Brewer’s CAP Theorem

Introduction

This entire section can broadly be broken down into the following sentence: consistency, availability and partition fault tolerance, pick two. Eric Brewer proposed the theorem around 2000 and it is still very relevant. Historically relational databases tended to sacrifice availability to ensure data stayed strongly consistent. But many modern database systems to a different approach and that is what we are going to be looking at in this exploration.

Database Properties

Consider a 2 node example for this section with nodes A and B. These two nodes are where data for a database is stored and they are connected. However the time to communicated between them is non-zero. We will talk about the three properties of the CAP theorem and how they apply to this system.

Consistency

The first property we will discuss is consistency. This means that if user Alice writes to the database, Bob, if reading from the database after Alice wrote to it, should only see the current state of the data that includes Alice’s write.

In principle this seems reasonable, but remember that there are two nodes that can be accessed. And for the sake of argument assume they use some incredibly slow means of communication so that the delay between them is 1 second. If Alice writes data to node A and Bob reads from node B 0.5 seconds after Alice wrote to node A, node B will not have had time to be updated. So, to remain consistent Bob’s request needs to be delayed or rejected until the server state can be synced.

Again, for a database to have the property of being consistent a user must never get data that is out of data. So whatever data was most recently submitted to any node must be the data that is returned.

Availability

Availability is the property that every request must be fulfilled. In our two node example if node A gets some data and moments after someone requests data from node B, node B needs to fulfill that request when it is received. It cannot respond saying that it is waiting for an update from node A.

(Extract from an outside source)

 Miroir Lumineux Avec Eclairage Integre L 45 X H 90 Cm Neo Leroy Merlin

It should be apparent how this can be problematic for a partitioned system. If we have different nodes that need to communicate, and we want them to always be available we need to accept that sometimes we will get data that is not current.

Partition Tolerance

Partition tolerance is the property that a system will continue to work even if messages between nodes are lost or delayed. If, when a node in a server becomes slow or off-line we simply shut down the entire service until it is fixed we can have availability and consistency as long as the server is on-line.

In our example, if there is a delay between A and B we simply shut down the whole application until the delay is fixed. If it was unfixable, we would need to simply operate as a one node system. We would have to get rid of the partition.

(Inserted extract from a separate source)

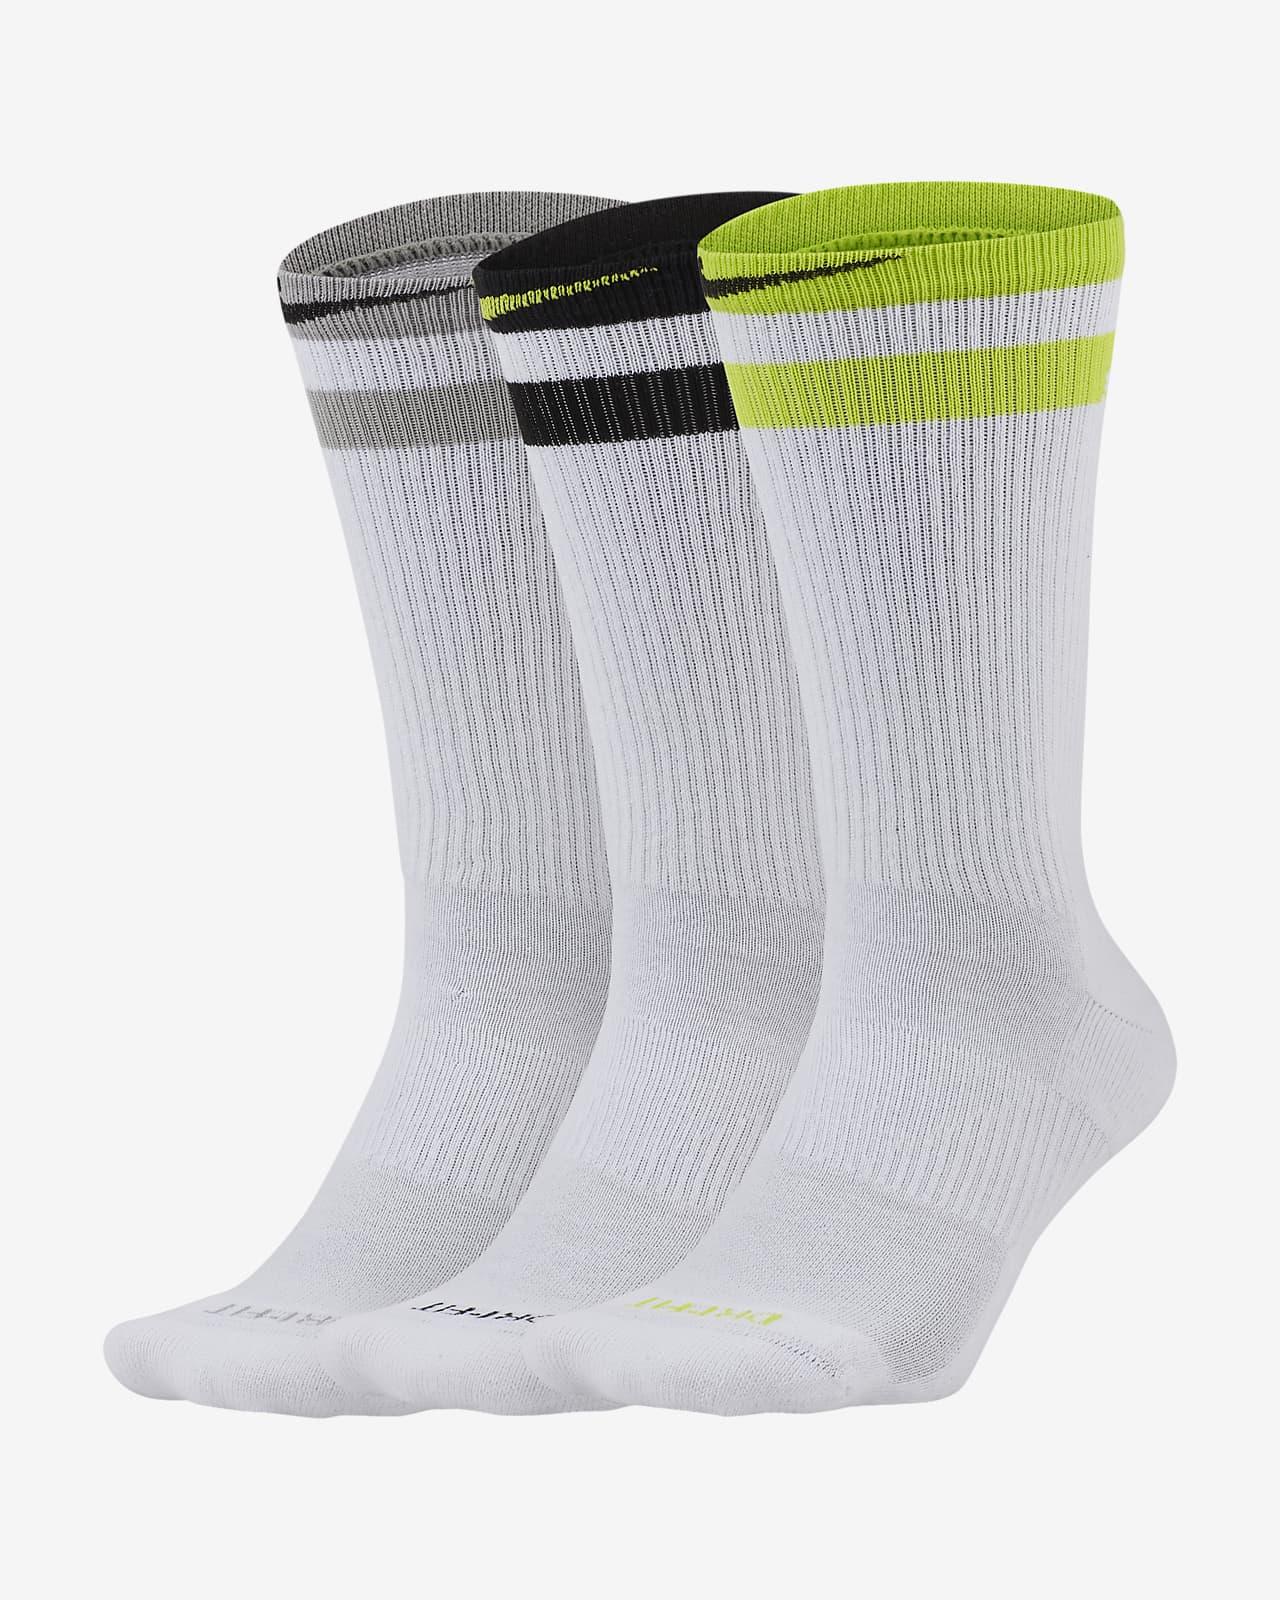 Nike Everyday Plus Cushioned 训练运动袜(3 双)

On the other hand we could accept that there will be a delay and instead sacrifice either availability or consistency.

MySQL Databases

Previously you may have only worked with databases that did not have partition tolerance. The ONID database database had a single point of access with no redundant data. They make backups, but they are not live. If the server goes down or data is lost, the server cannot be accessed until it is fixed.

This means that you were dealing with data that was both consistent and available.

In general if MySQL databases are scaled to multiple nodes, they lose availability. There are limits imposed on the number of operations per unit of time or some requests are delayed until the database finished processing current requests.